I frowned, not following. He swallowed and I suddenly understood that I wasn’t the only one carrying around battle scars. “If you don’t want to talk about it I understand.” I said.

He gave me another smile but this one was softer, held a hint of sadness and was far more intimate. “After all those terrible secrets you’ve shared with me, I think you deserve to hear at least one of mine.”

“Well then tea just won’t do it.” I stood up and dug two glasses and the emergency brandy out of the cupboard, then sat back down. Without asking him, I poured a generous shot and we touched glasses.

“Impressive! This is really good stuff.” He said savouring the taste.

“It should be I steal it from Thrawn and he’s a snob when it comes to this stuff.”  I said with a tentative grin.

He nodded and then became serious. “It was unusual but not unheard of for members of the same family to be assigned on the same ship. When I graduated from Carida I was lucky. I got to work under my father on board the ISD Thunderer as a Commander and a flight leader. It was great, the Old man was cool about it and I pulled my weight, did well and got promoted. Things were good. Things were really, really good.”  He studied the glass in his hand, “I’m guessing you know all too well that just when the world seems perfect things tend to go very wrong.”

“That’s generally been my experience.” I nodded.

“We had a good crew, a great ship. We had a decent sector to patrol in and my father was a well respected man. We had all heard about the rebellion, that there was unrest and fighting but it hadn’t really touched our lives in any great way. Then one day we were patrolling a non hostile sector, just a routine patrol, and suddenly things weren’t so routine anymore.” He stopped to down the rest of the brandy in his glass and didn’t refuse when I refilled the glass.

For a long moment he studied his glass thoughtfully. “I thought we were the good guys. I thought that the galactic worlds loved us. We kept space safe; we kept a lid on the smugglers and the war lords and made life easier for everyone. We did our jobs and we risked our lives every single day and for what? So a small group of ungrateful haters could swoop in and rewrite history?” He shook his head and sipped his drink. “I liked history so I read all about the Clone Wars, about the jedi and what happened. I read about how the Old Republic Senate had become so corrupt that they would not even help planets being blackmailed by thugs like the banking clan unless it was in someone’s best interest and the credits were high enough. Did people just forget all of that?”

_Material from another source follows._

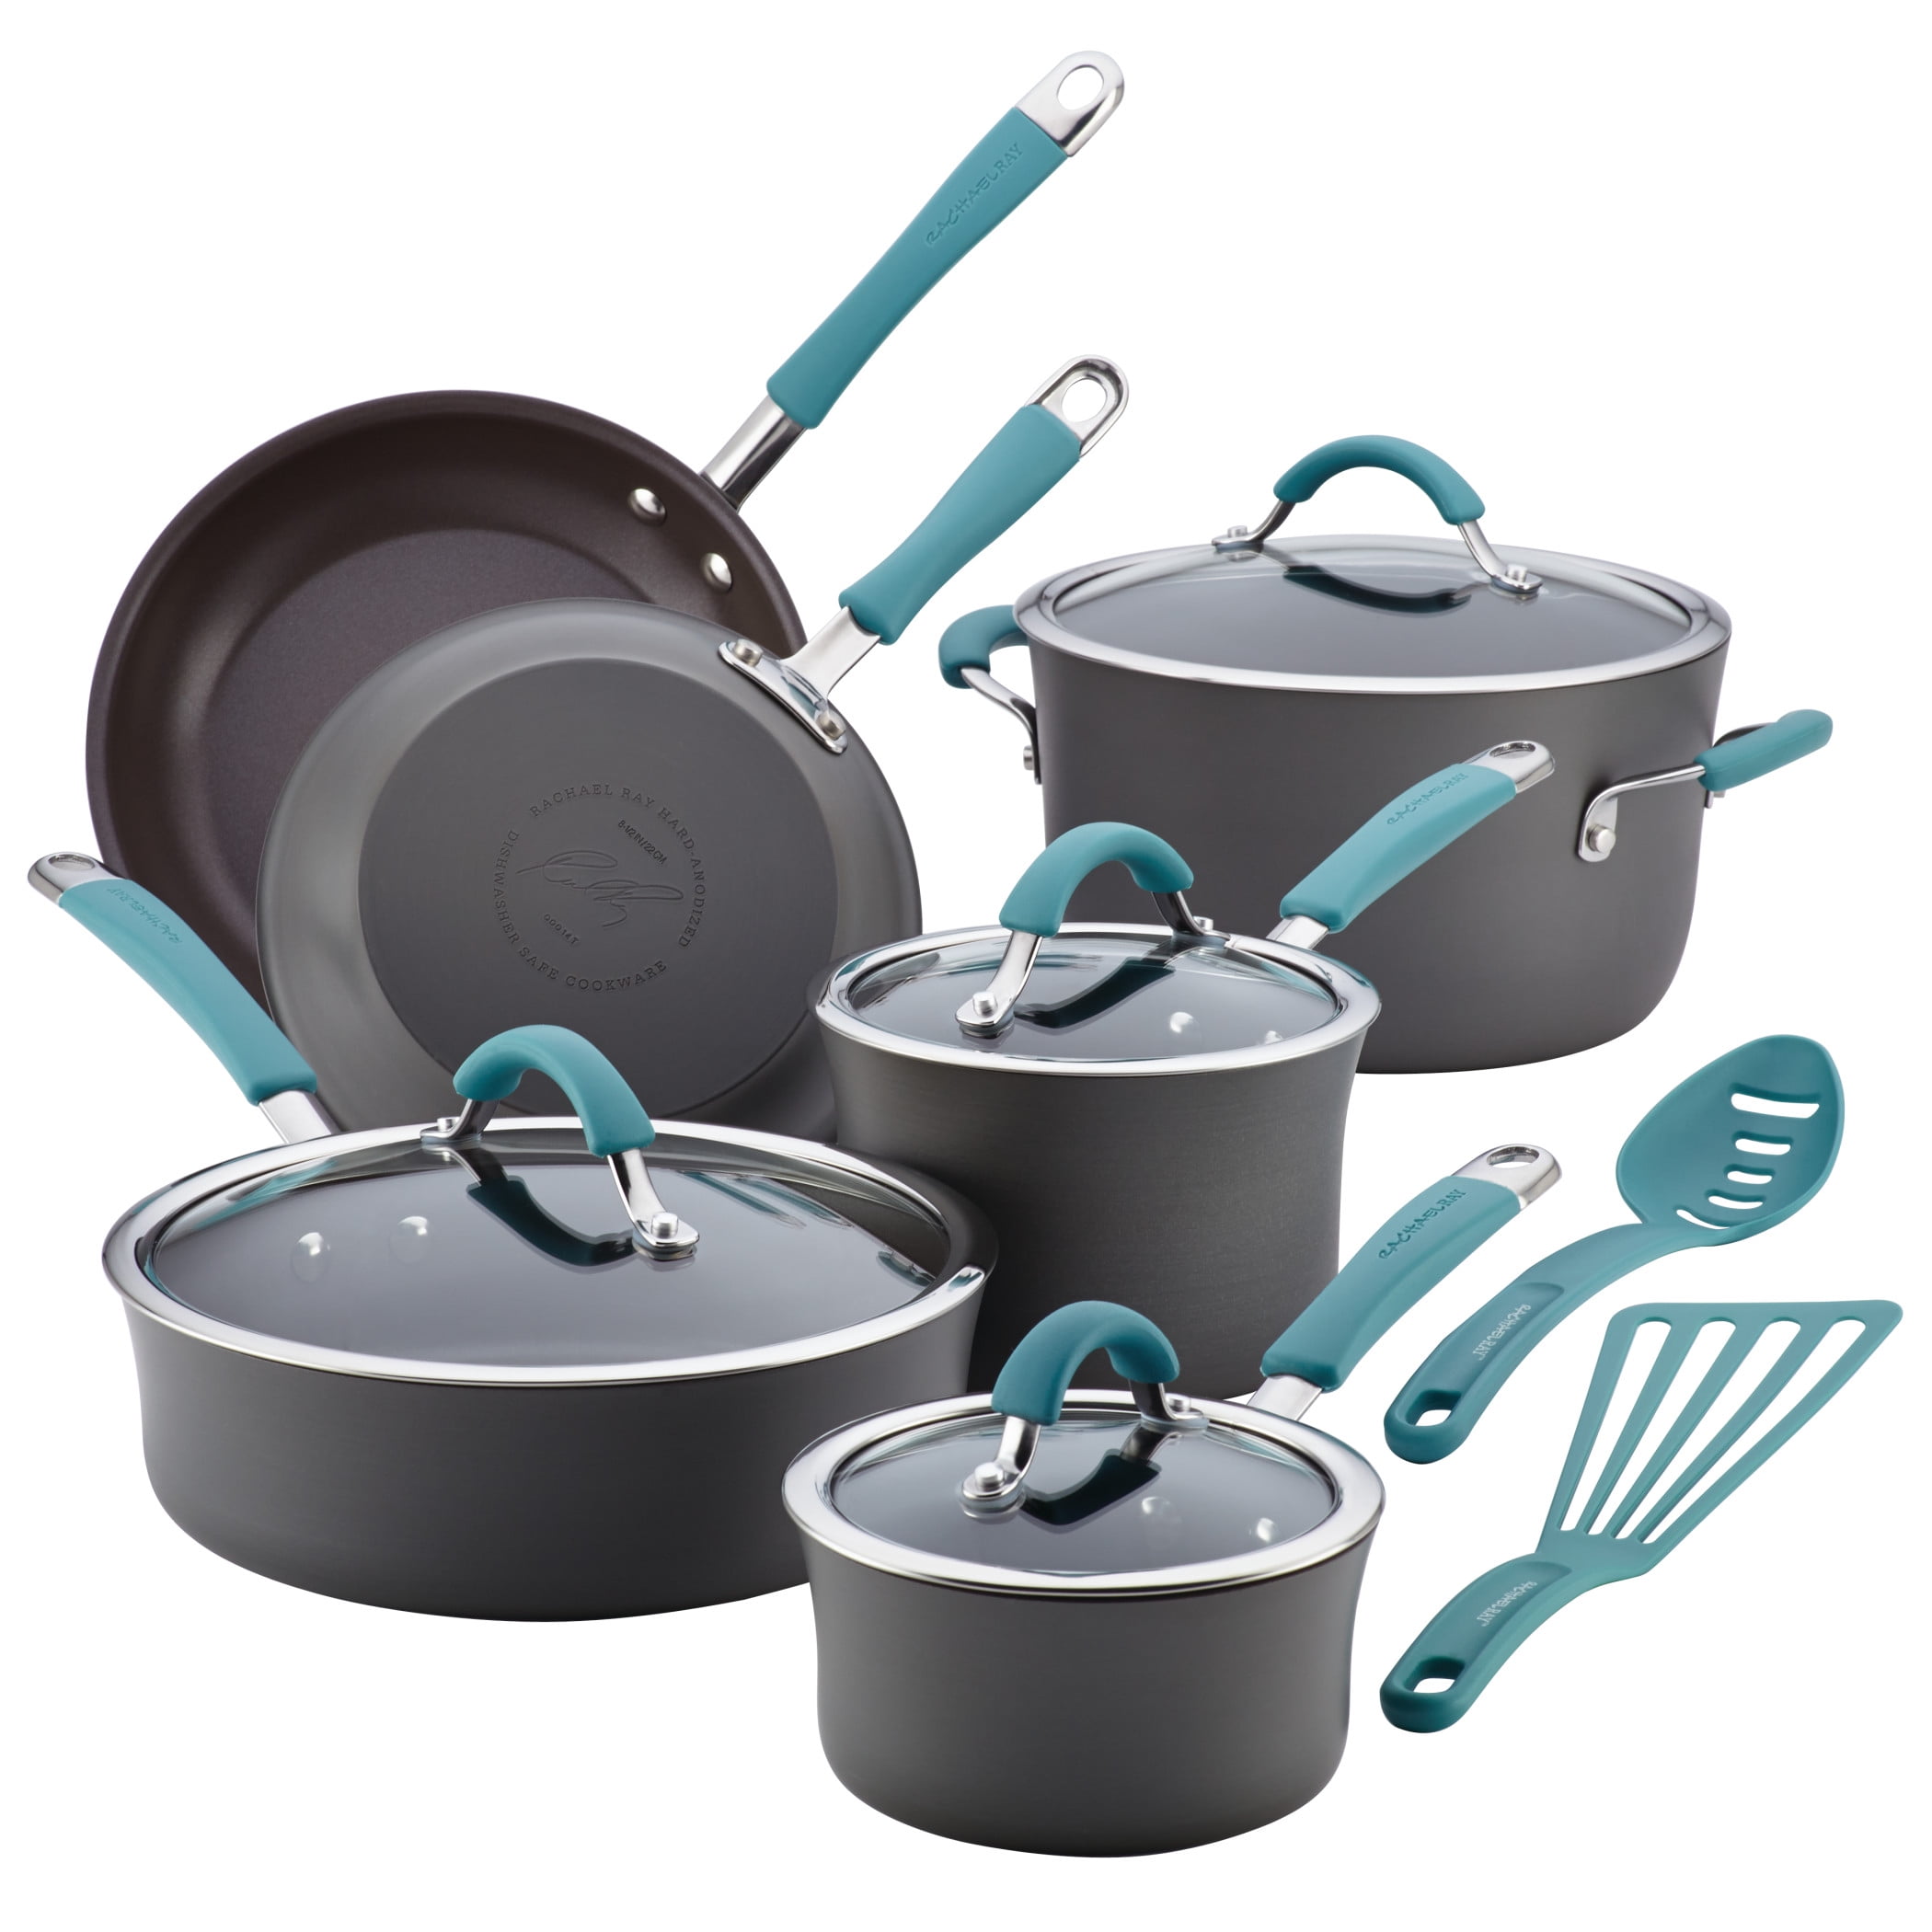 12 Count Rachael Ray 16344 Cucina Enamel Nonstick Cookware Agave Blue for sale online

“Yes.” I nodded, “They did.”

He shook his head and continued, “I also read reports that some people thought that Palpatine had engineered the entire thing, the war, the breakdown of the senate, his rise to power just so he could destroy the Jedi but you know what? That’s garbage. People are corrupt and all Palpatine did was show it. He didn’t start the war, he ended it. My mother was in the senate the day he declared us a galactic empire. She told me it was one of the most glorious things she had ever seen, that everyone cheered because they wanted Palpatine to lead. He was a good leader.” He looked at me. “I know things were not perfect but nothing ever is but these rebels, they came in thinking they were going to save the universe and in the process they destroyed so many lives and they called themselves heroes for doing it.” He stopped to consider his next words carefully. I could feel his anger and his sadness all around him and it made me ache with an all too familiar sorrow. This memory was painful.

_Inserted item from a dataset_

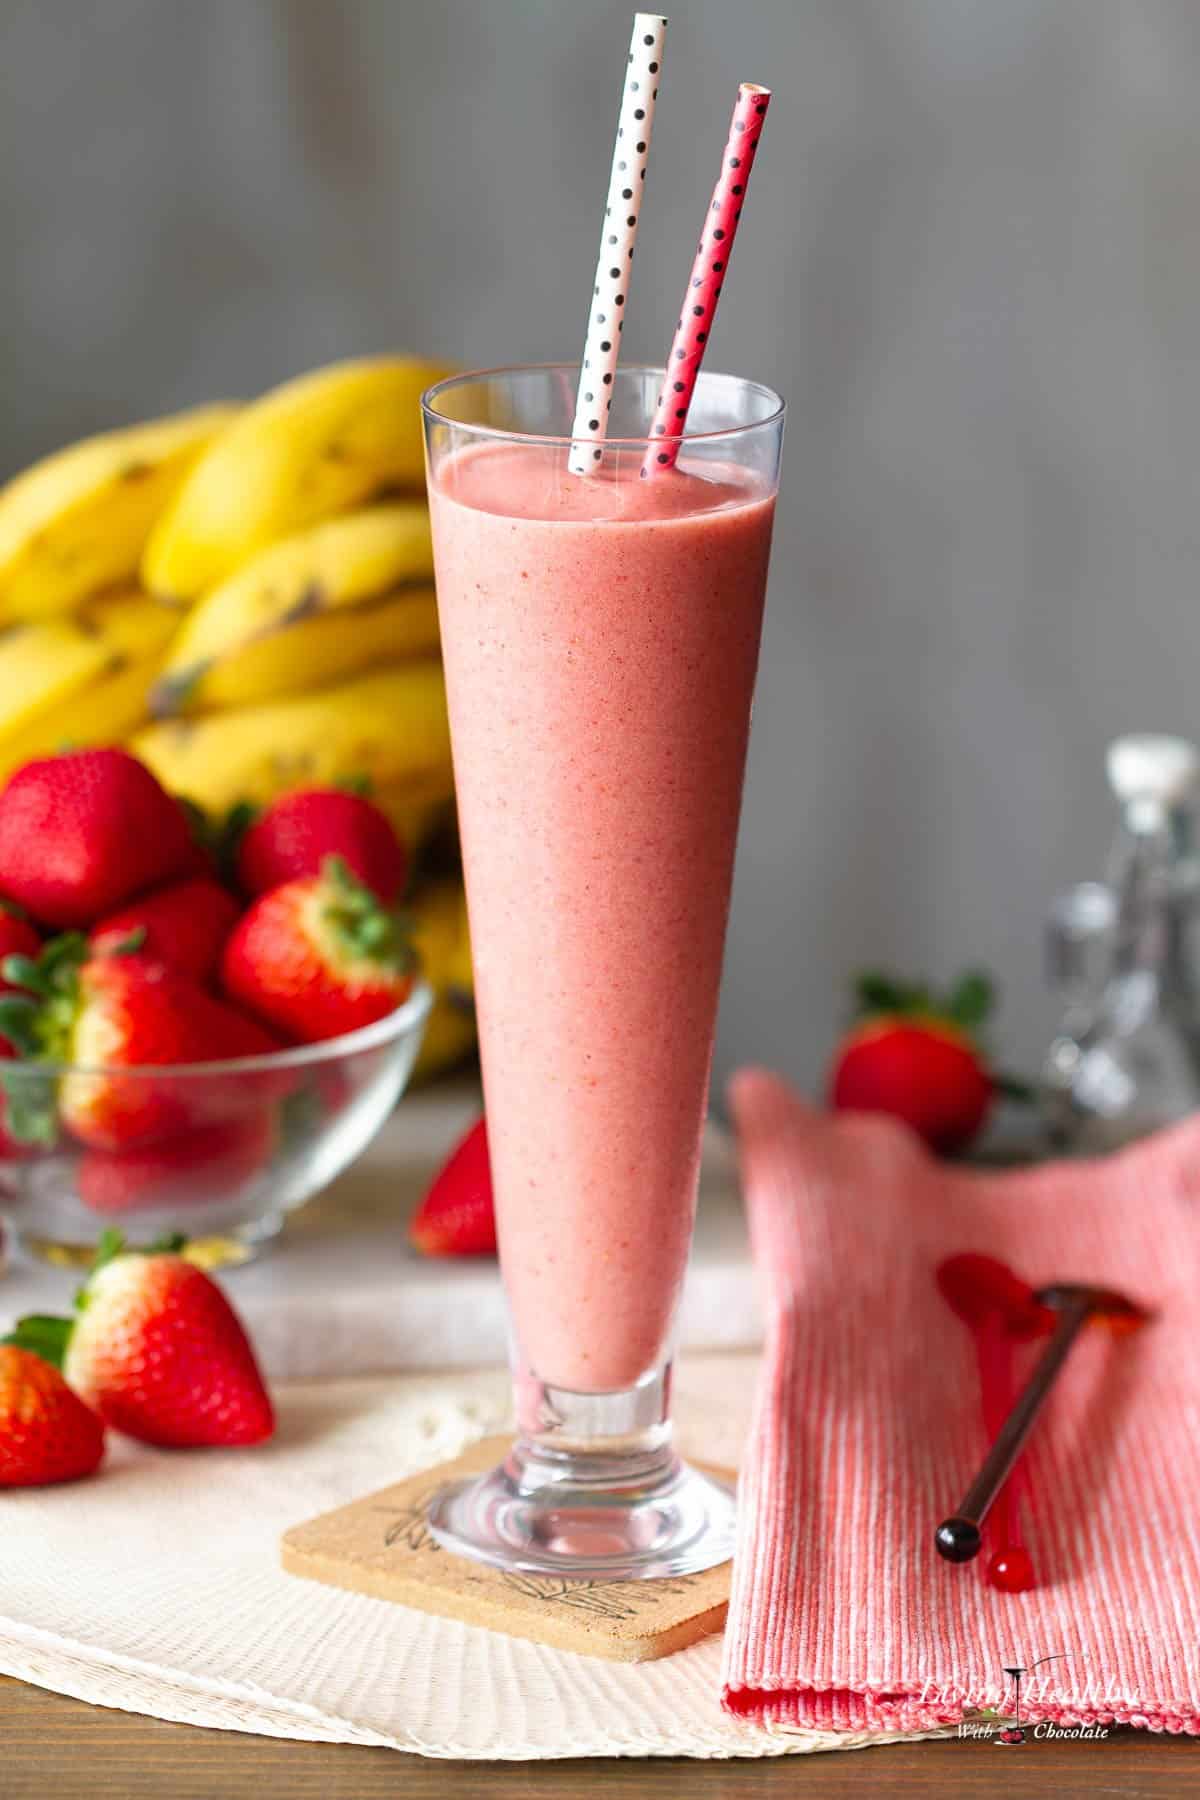 tall glass on a coaster filled with strawberry milkshake with two straws and some fresh fruits on the background.

“It was just another ordinary patrol. They came out of nowhere, a fleet of 5 MC-90 Heavy Calamari Cruisers and seven corvettes all carrying full compliments of squadrons. They jumped out of hyperspace practically on top of us. Oh how they must have congratulated themselves, a lone Imperial Star Destroyer with no reinforcements within a hundred light years, it was a gift, even armed to the teeth as we were, we were no match for their numbers.”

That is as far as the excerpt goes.